A reference cohort was created based on MRI scans of over 3,000 healthy controls and an independent sample of 839 people with MS. Both samples were processed with the same methods.

Study findings

The iQ-Solutions^TM system generates data for cross-sectional and longitudinal whole brain, lesion metrics, and brain substructure relevant to MS. This AI tool enables visualization of many picture archiving and communications systems (PACS) for radiologists to review. Scan images are automatically subjected to quality check for optimal pre-contrast 3D-T1 and 3D FLAIR sequences, containing over 30 slices with a thickness of three millimeters (mm) or more.

Cross-sectional segmentation algorithms were designed based on 3D-UNet, which enabled the extraction of image features, followed by the prediction head. Cross-validation was conducted by comparing case- and voxel-wise DICE scores with ground-truth reports produced by skilled neuroimaging analysts.

The lesion activity of different time points was measured by iQ-Solutions, indicating the development of new and enlarging lesions. Moreover, iQ-MS revealed enlarging lesions as new lesioned voxels that are connected to existing lesions reported in a previous study within its 26-voxel neighborhood.

LG-Net is a lesion-inpainting model for brain and substructure volumetric analyses. This system was applied to 3DT1 images to improve the segmentation bias produced due to the presence of MS lesions.

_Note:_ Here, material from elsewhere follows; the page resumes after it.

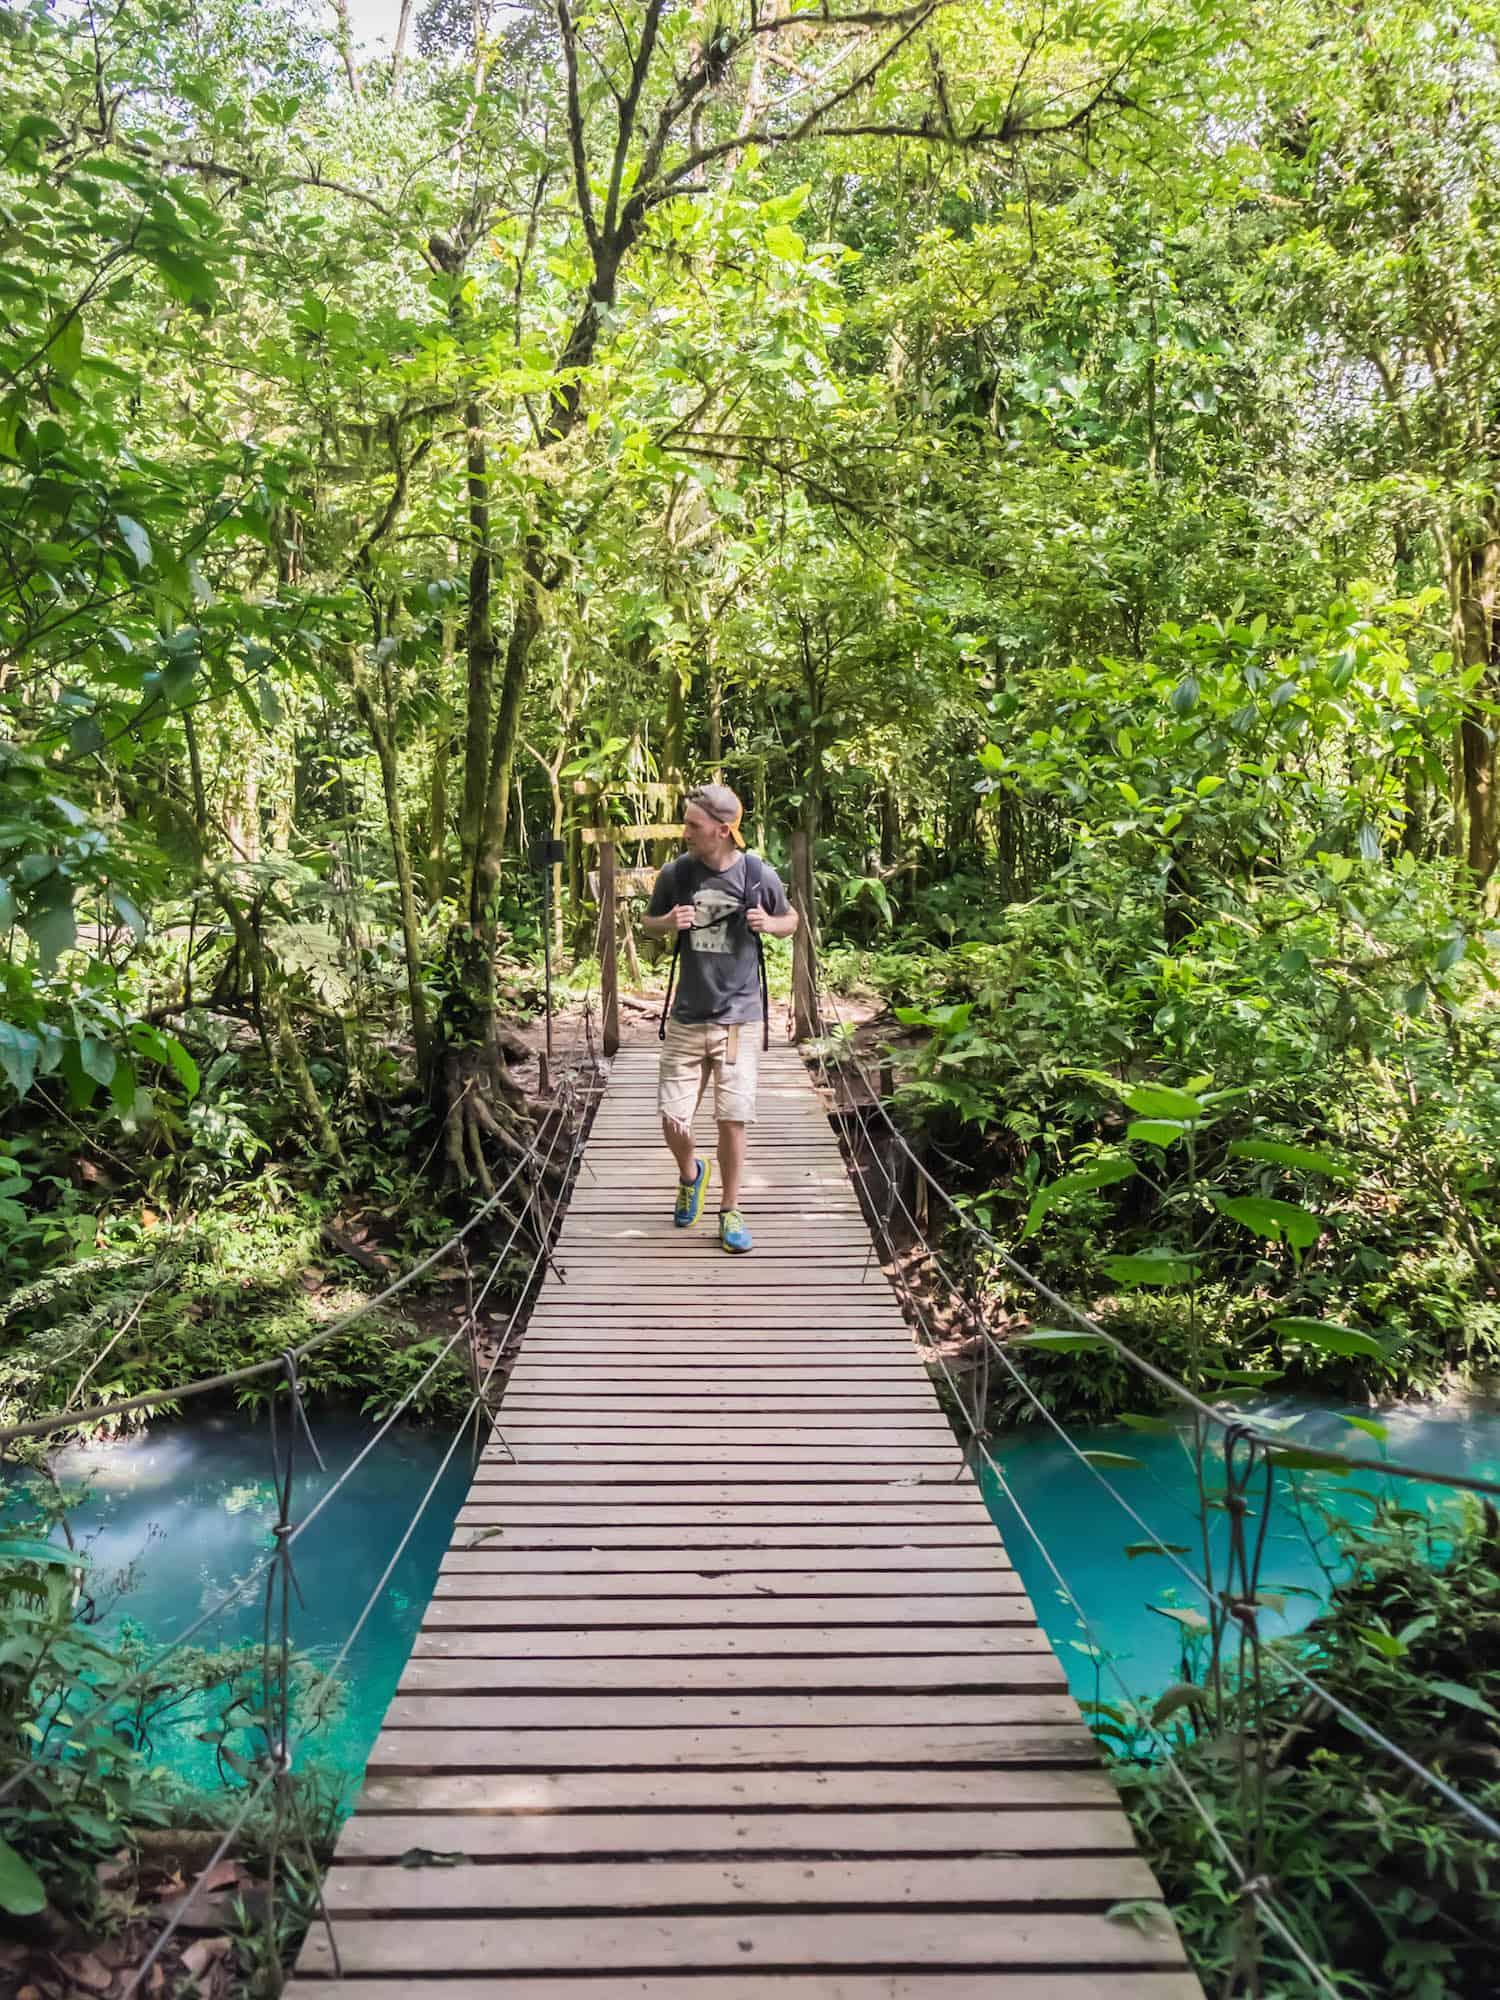 Travel in Costa Rica - Cameron Seagle

Notably, iQ-Solutions performs many checks between the two scan timepoints. In the event of an error, longitudinal metrics are reported but are returned to the user with a protocol irregularity warning.

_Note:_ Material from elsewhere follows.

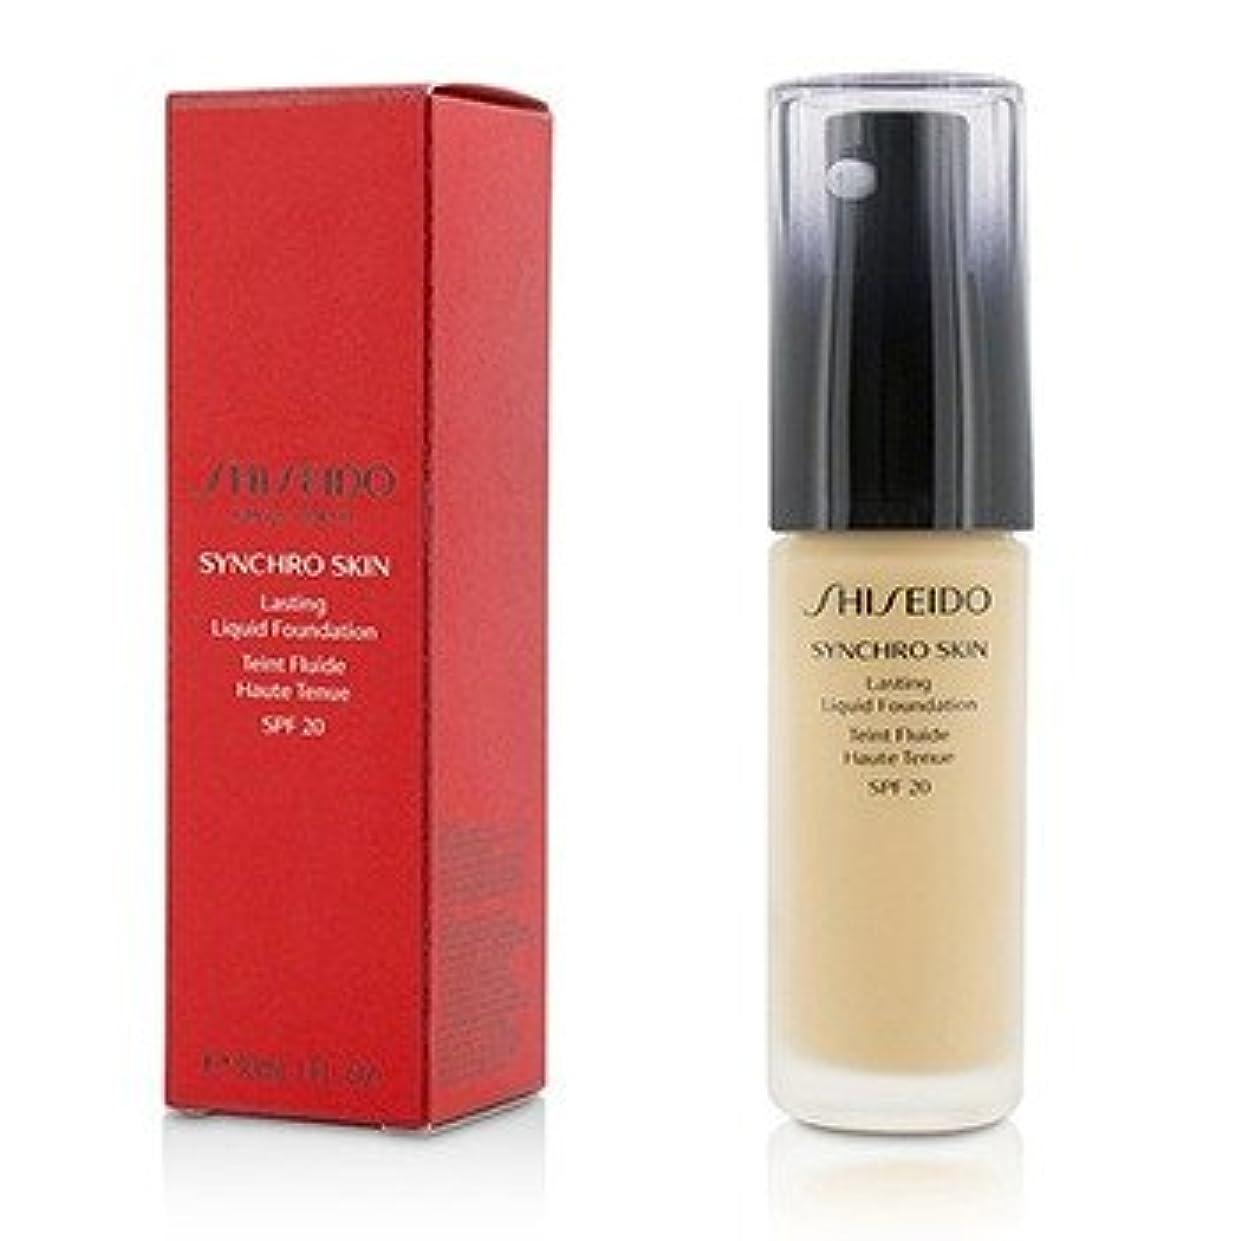 オン大使館上昇[Shiseido] Synchro Skin Lasting Liquid Foundation SPF 20 - Neutral 3 30ml/1oz

The iQ-MS tool is equipped with the DeepBVC algorithm, which assesses longitudinal whole-brain volume change. An AI-based segmentation model integrated with a Jacobian method enabled the estimation of whole gray matter and thalamus volume change. 

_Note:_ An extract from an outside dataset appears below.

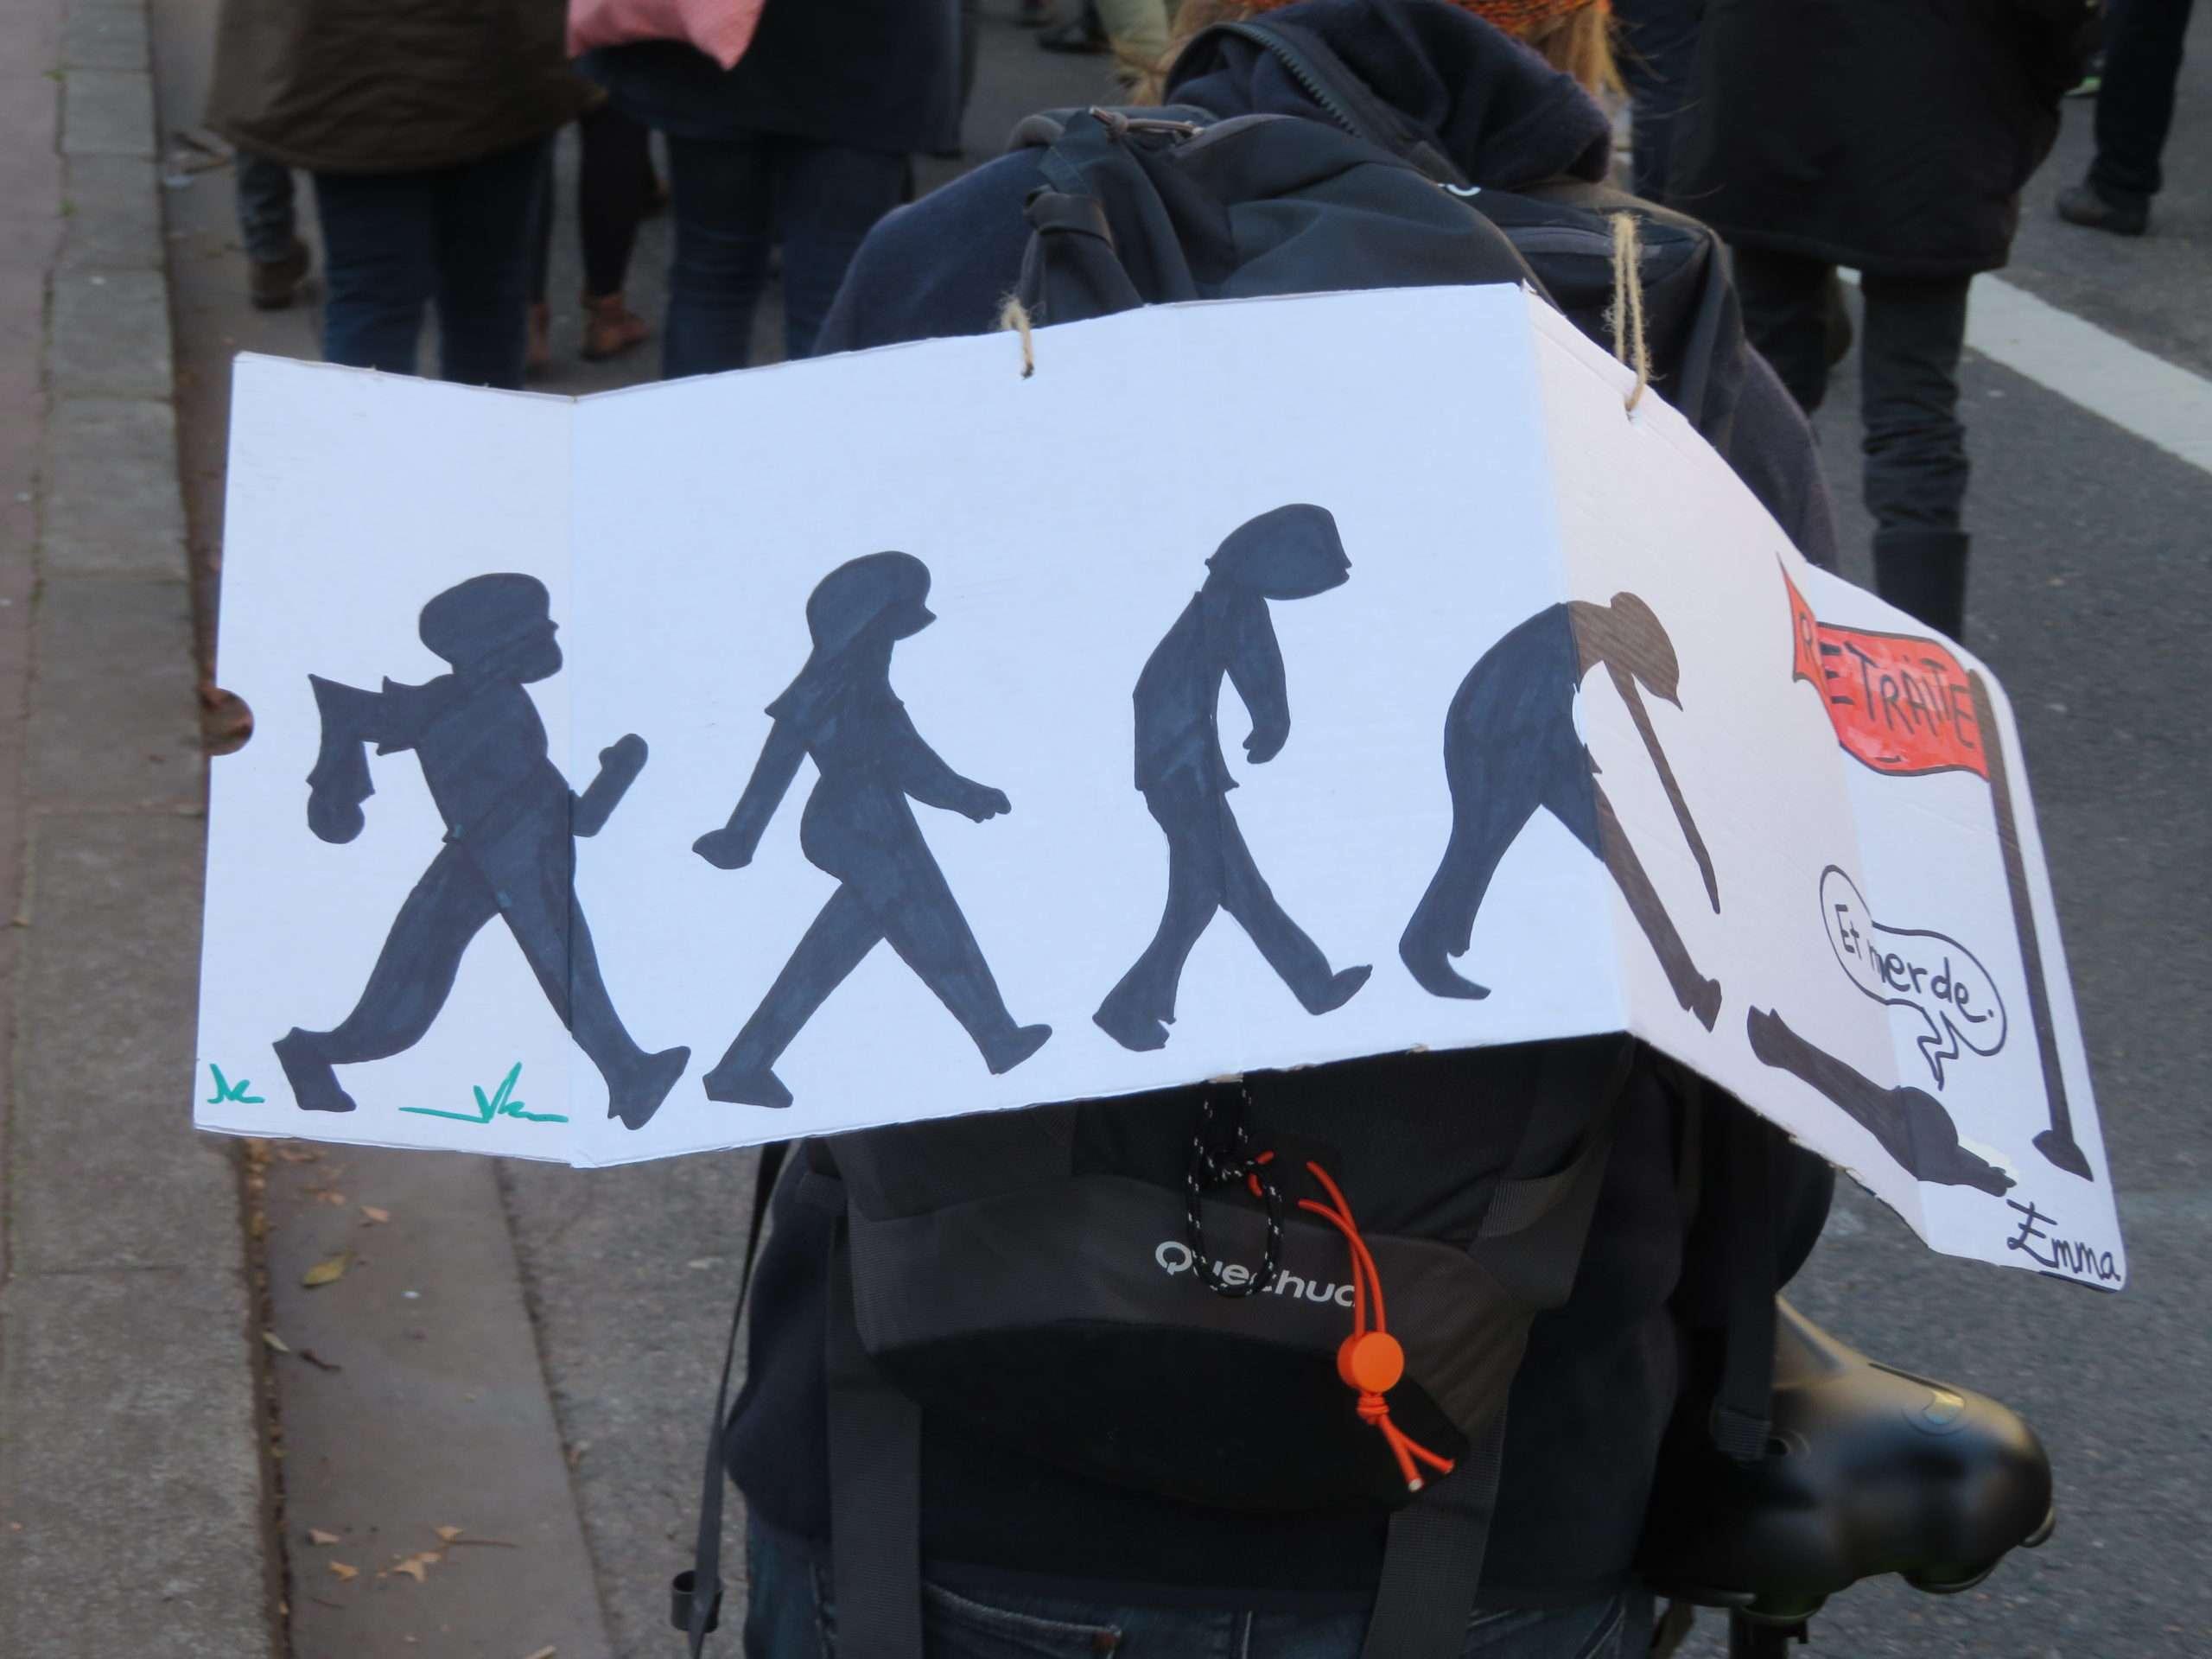 Le mouvement tente de multiplier les formes d'actions pour continuer à mobiliser dans les prochains jours. Photo : Tim Buisson

Moreover, iQ-MS offers volumetric data for individual patients as normalized values. This tool provides data on brain volumetrics and MS lesion volumes benchmarked to a hypothetical MS patient of similar age, disability, and disease duration. This enabled a more clinically meaningful and experiential reference.

Conclusions

The results support using iQ-MS to monitor people with MS. Compared to a core MRI analysis lab report and radiology reports, the current AI tool offers a better clinical assessment.

The study findings highlight that using iQ-MS could improve clinical imaging, disease-specific research, and the management of individual MS patients in real-time.